Date Published: September 20, 2017
Publisher: Springer International Publishing
Author(s): Matheus O. Costa, Roman Nosach, John C.S. Harding.
Most interactions between pathogenic microorganisms and their target host occur on mucosal surfaces of internal organs such as the intestine. In vitro organ culture (IVOC) provides an unique tool for studying host-pathogen interactions in a controlled environment. However, this technique requires a complex laboratory setup and specialized apparatus. In addition, issues arise when anaerobic pathogens are exposed to the hyperoxic environment required for intestinal culture. The objective of this study was to develop an accessible 3D–printed device that would allow manipulation of the gas mixture used to supply the tissue culture media separately from the gas mixture exposed to the mucosal side of explants.
Porcine colon explants from 2 pigs were prepared (n = 20) and cultured for 0h, 8h, 18h and 24h using the device. After the culture period, explants were fixed in formalin and H&E stained sections were evaluated for histological defects of the mucosa. At 8h, 66% of samples displayed no histological abnormalities, whereas samples collected at 18h and 24h displayed progressively increasing rates of superficial epithelial erosion and epithelial metaplasia.
The 3D–design reported here allows investigators to setup intestinal culture explants while manipulating the gas media explants are exposed to, to support tissue viability for a minimal of 8h. The amount of media necessary and tissue contamination are potential issues associated with this apparatus.
The online version of this article (10.1186/s41205-017-0018-z) contains supplementary material, which is available to authorized users.
The intestinal mucosa is an active host-microorganism interaction interface, and when innate and humoral immune defenses mechanisms fail, infection and disease result. Understanding virulence mechanisms of pathogenic microorganisms, and their consequences, provides an alternative target for disease prevention and mitigation . In vitro models provide advantages for studying virulence mechanisms, given the controlled environment and ease of sample collection. In vitro organ culture (IVOC) involves excision of a small volume of tissue from a healthy donor, and its subsequent culture in appropriate media in the laboratory for a number of days. IVOCs preserve important tissue characteristics, such as different cell types and tissue architecture, while providing a controlled and accessible environment to study host-pathogen interactions [2, 3]. To prevent acidification of the culture media and maintain tissue viability, intestinal IVOCs require a hyperoxic gas environment [4–6]. Sealed chambers are usually placed within incubators for culture, an expensive setup that requires extensive bench space and is potentially an explosion hazard due to the high oxygen content [6, 7]. In addition, this setup becomes a challenge when studying host interactions with anaerobic pathogens, due to the hyperoxic environment. Here, we describe and evaluate a 3D–printed device to allow the use of different gas mixtures in the culture media, compared to the mucosal aspect of the tissue.

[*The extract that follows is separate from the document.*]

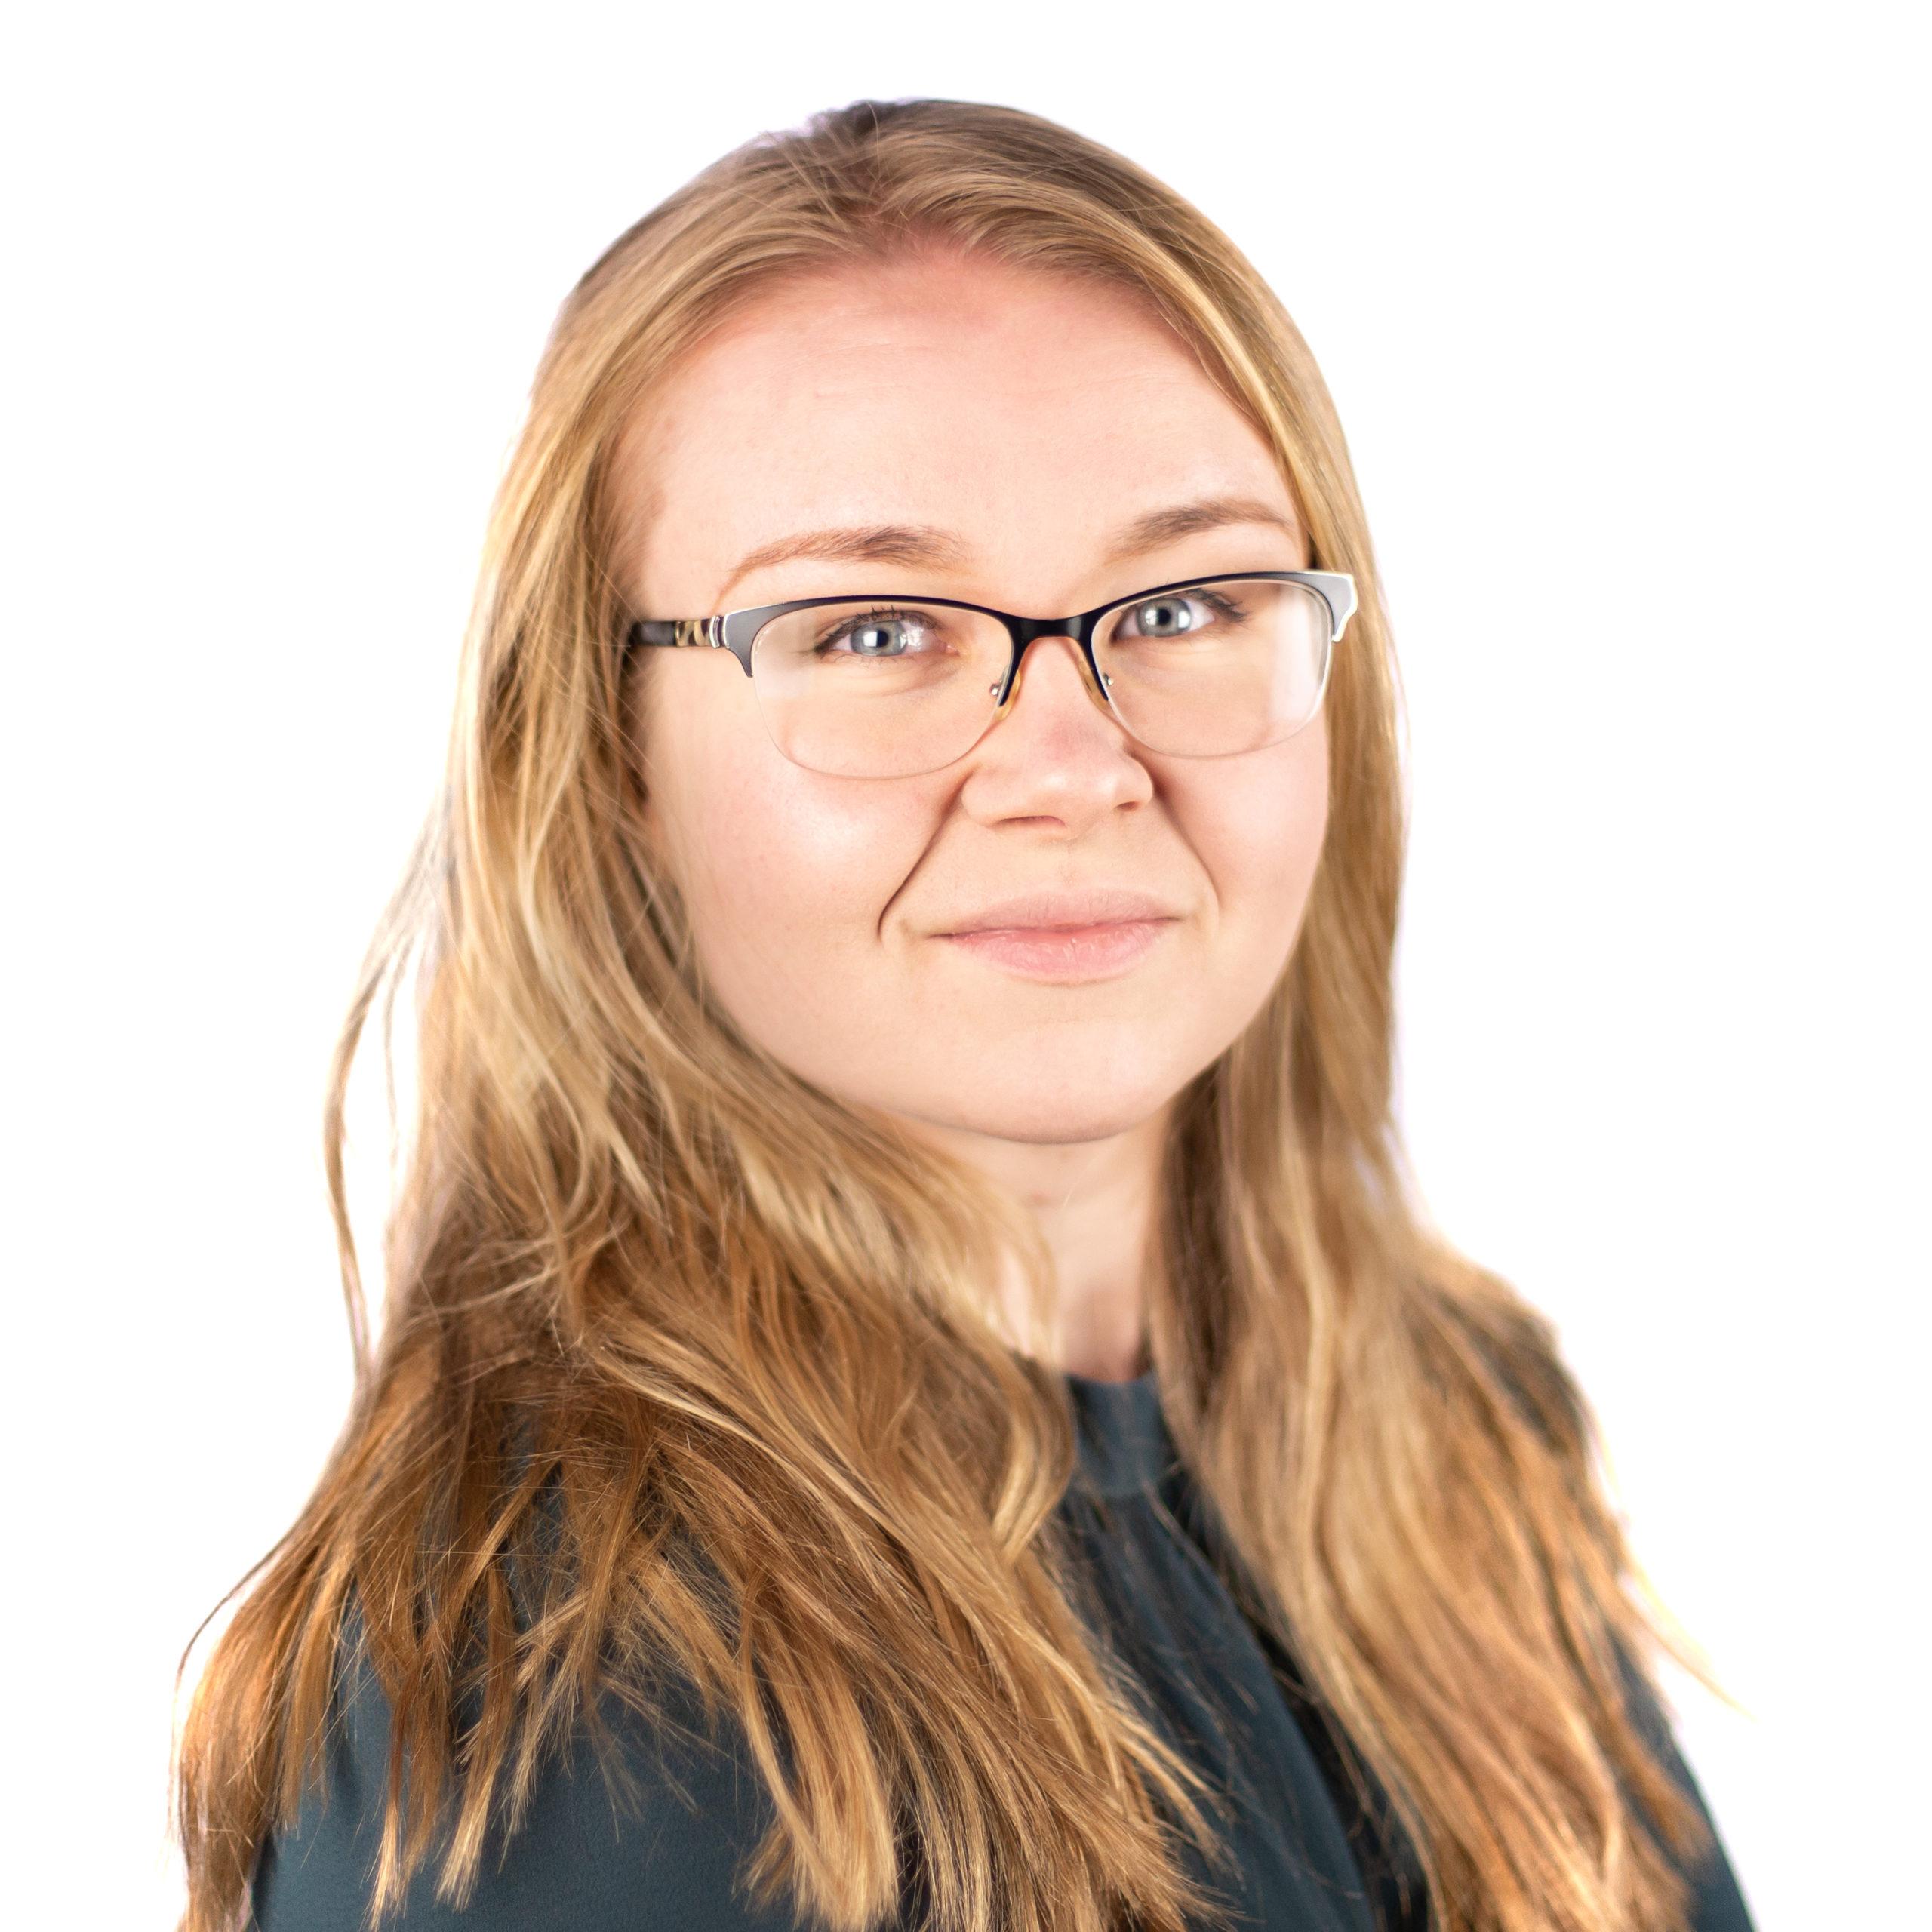 Anni Business Tampere Laura Vanzo 1
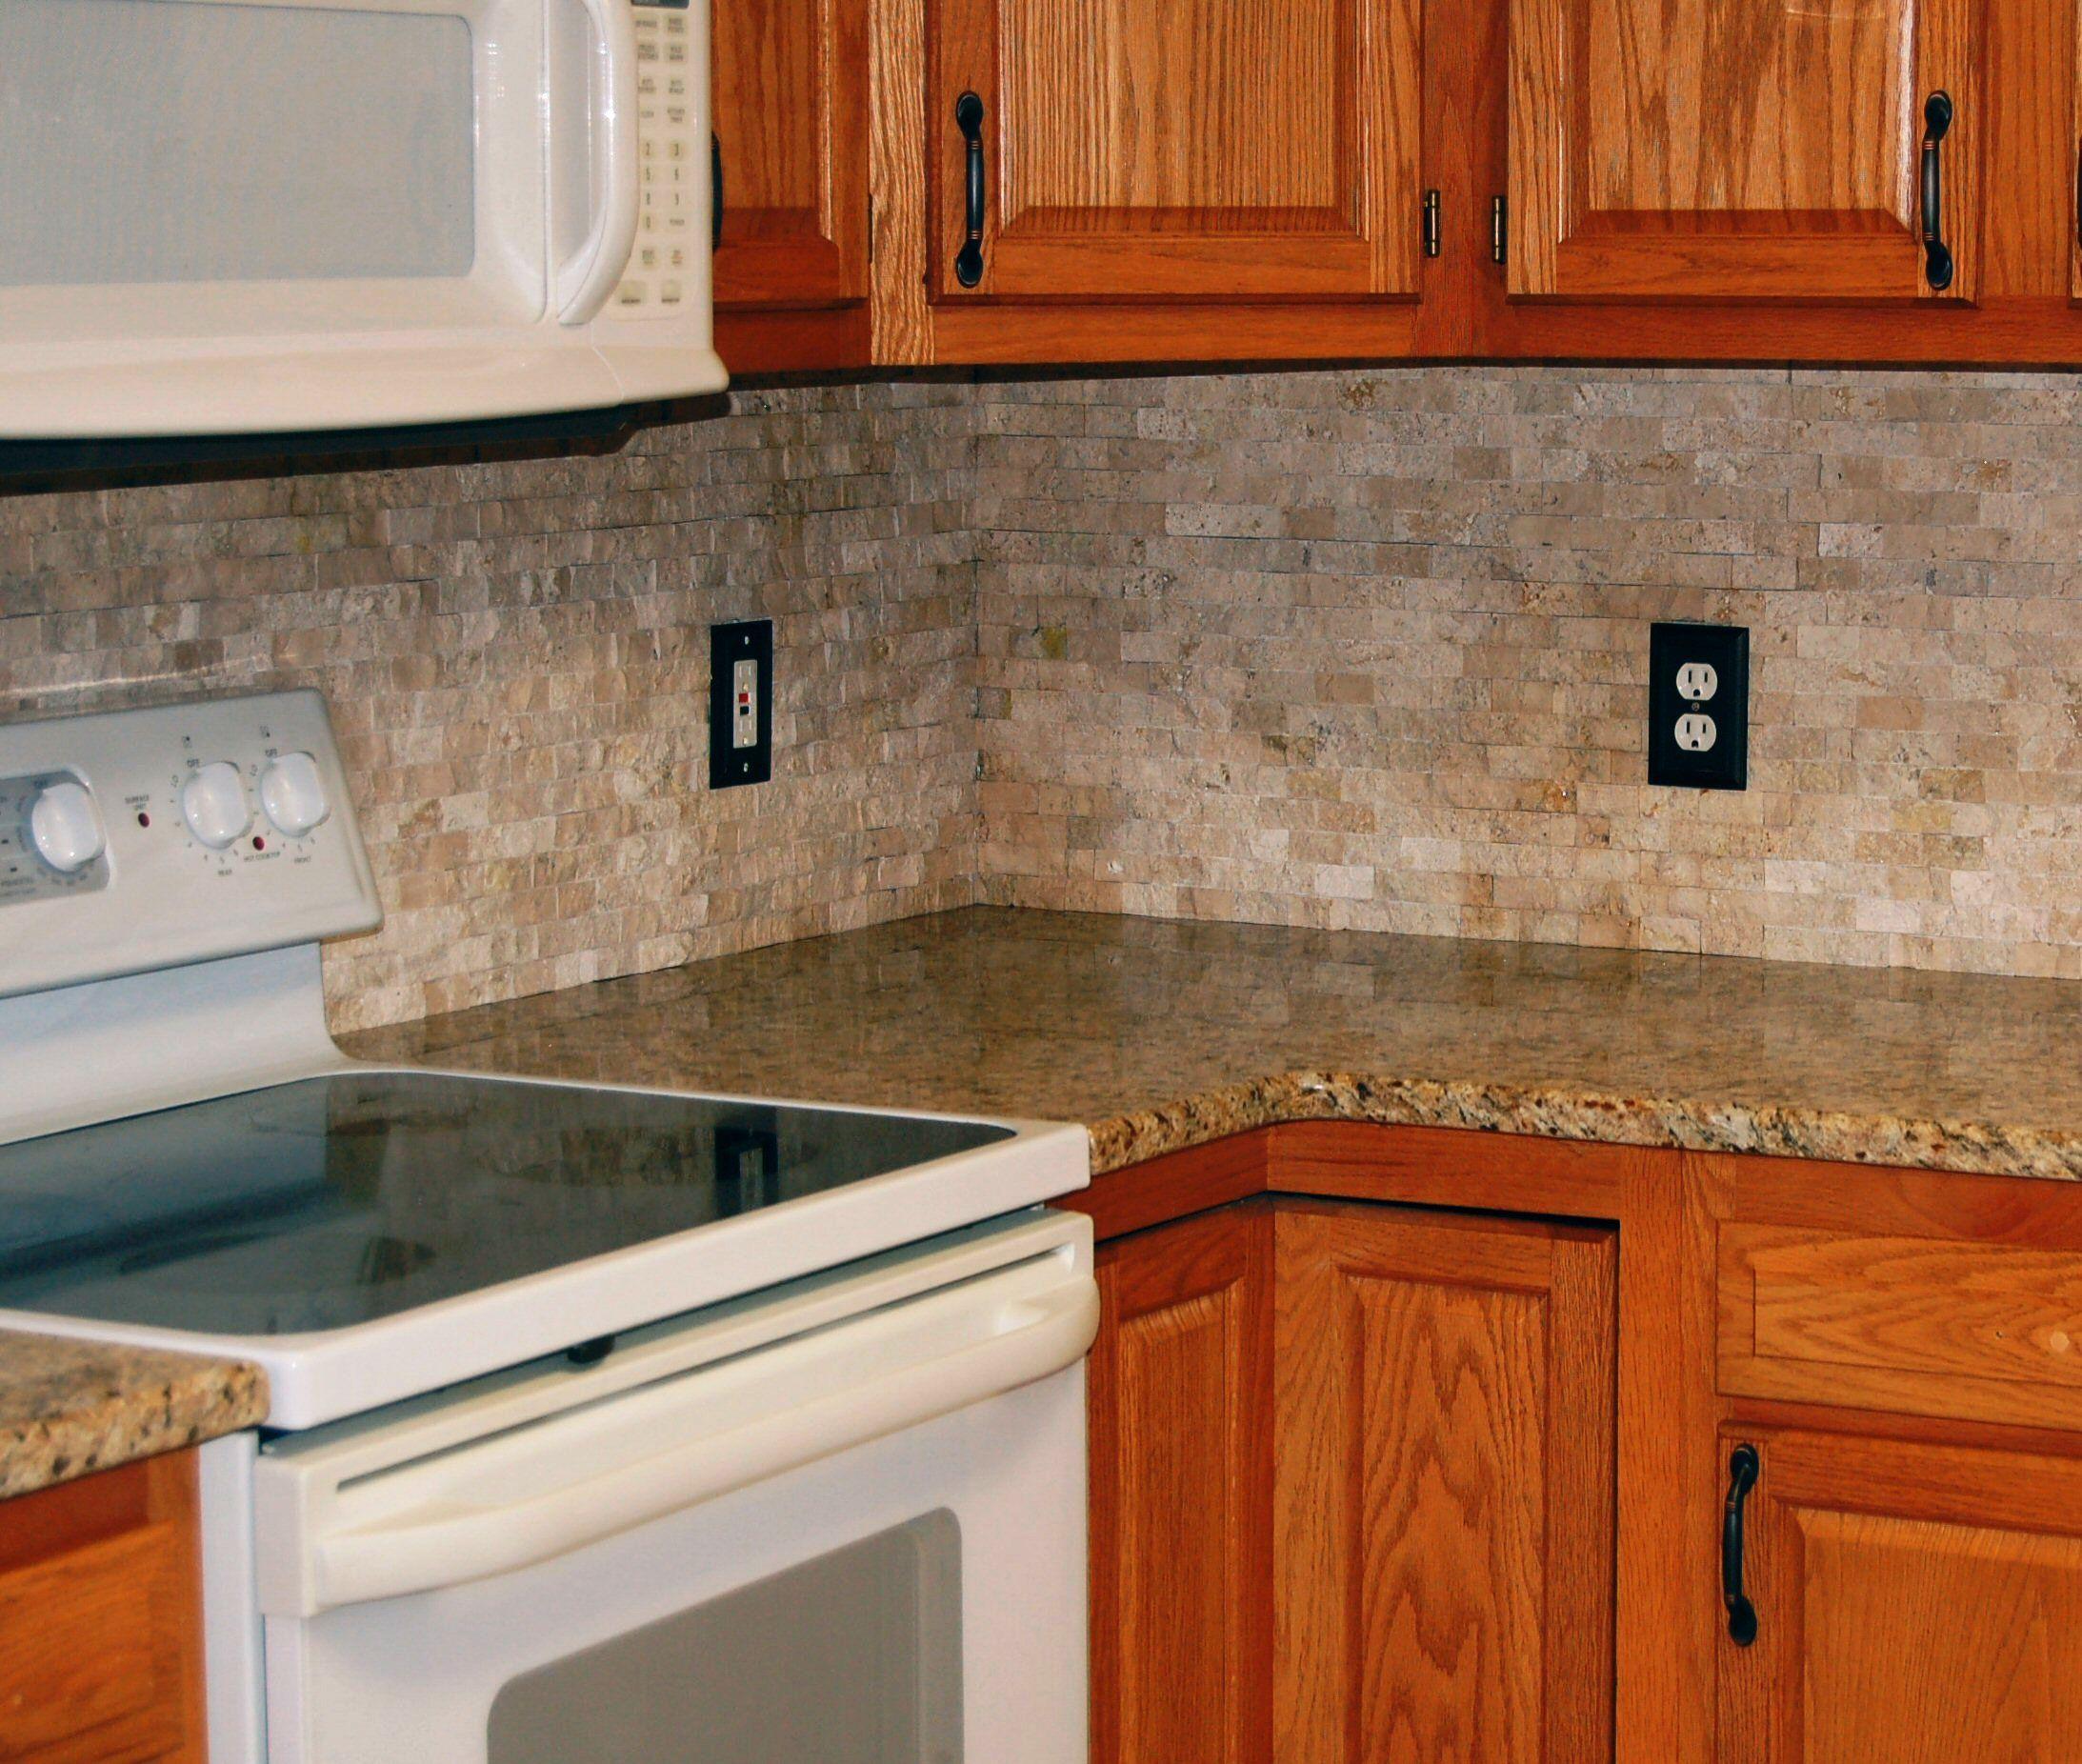 Kitchen Stone Backsplash: STONE-Backsplash Designs For Your Kitchen And Bathroom

This study describes a low-cost, 3D–printed device used for intestinal explant culture without the need of a hyperoxic chamber or incubator. 3D–printing required approximately 2 h including manual removal of leftover filament and printing debris. No leakage was observed after 24 h of continuous liquid media circulation through the circuit, and the media was maintained constantly at 37 °C.
The design described here consistently supported porcine colon explants for up to 8 h with minimal disruption of tissue viability. It also provides an alternative culture method that does not require the use of a hyperoxic chamber, and is particularly suited for situations where a gas environment other than atmospheric is needed on the mucosal aspect of the explant.